Considering the possibility that the new pte has different permissions
than the old pte, the minimum necessary tlb invalidations are used.

Signed-off-by: Colton Lewis <coltonlewis@google.com>
---
 arch/arm64/kvm/hyp/pgtable.c | 58 +++++++++++++++++++++++++++++++-----
 1 file changed, 51 insertions(+), 7 deletions(-)

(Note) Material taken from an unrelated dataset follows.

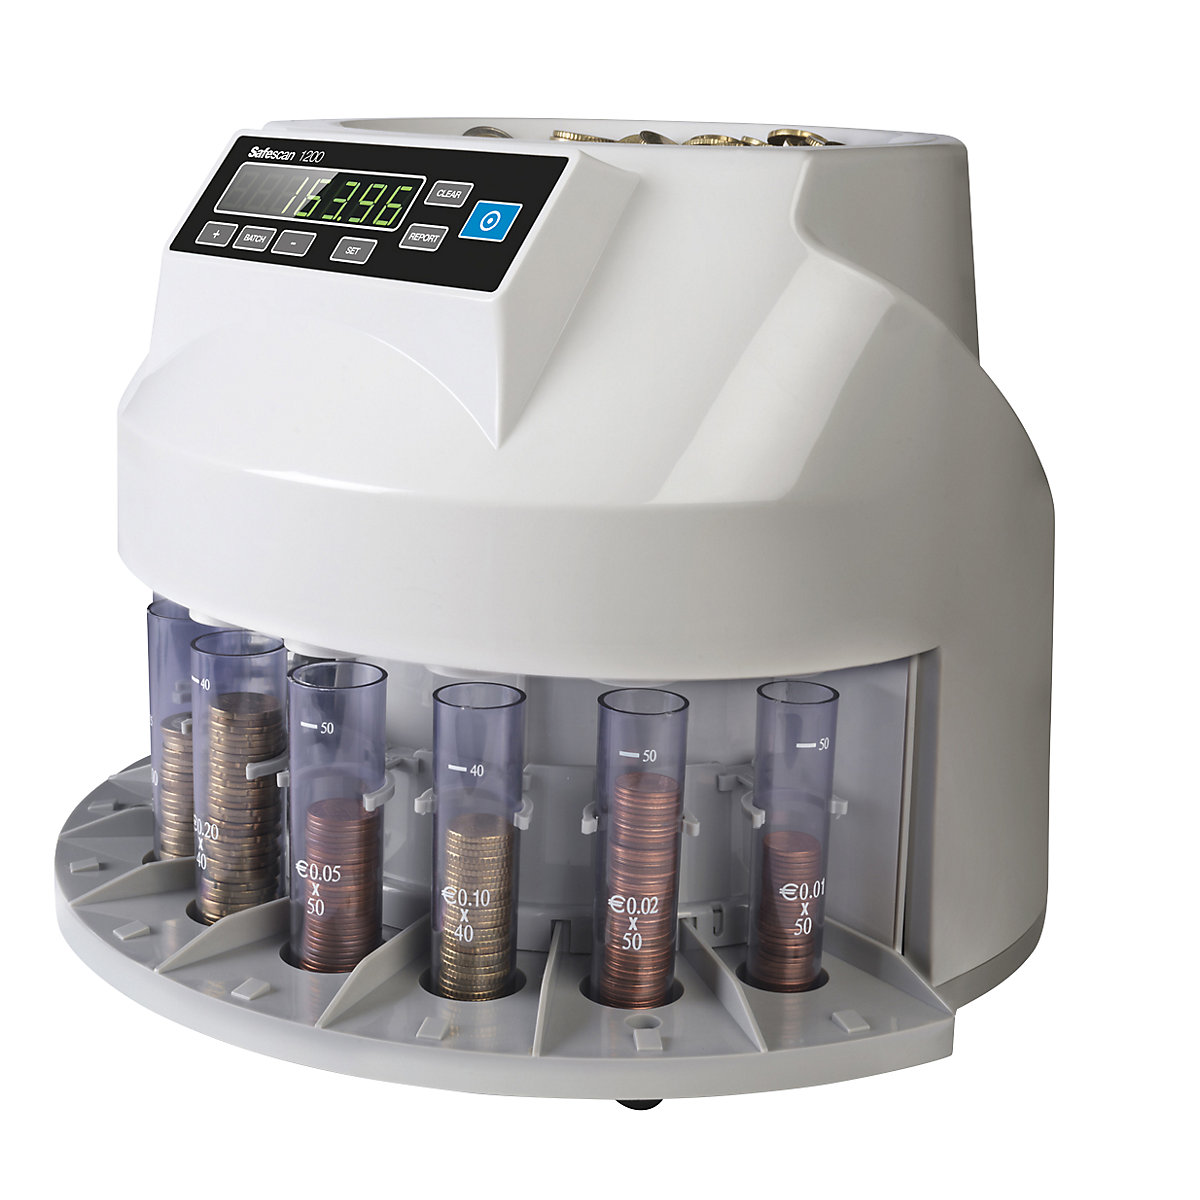 Coin counters and sorters – Safescan (Product illustration 3)-2

diff --git a/arch/arm64/kvm/hyp/pgtable.c b/arch/arm64/kvm/hyp/pgtable.c
index 8acab89080af9..6778e3df697f7 100644
--- a/arch/arm64/kvm/hyp/pgtable.c
+++ b/arch/arm64/kvm/hyp/pgtable.c
@@ -643,6 +643,11 @@ static bool stage2_has_fwb(struct kvm_pgtable *pgt)
 	return !(pgt->flags & KVM_PGTABLE_S2_NOFWB);
 }

+static bool stage2_has_bbm_level2(void)
+{
+	return cpus_have_const_cap(ARM64_HAS_STAGE2_BBM2);
+}
+
 #define KVM_S2_MEMATTR(pgt, attr) PAGE_S2_MEMATTR(attr, stage2_has_fwb(pgt))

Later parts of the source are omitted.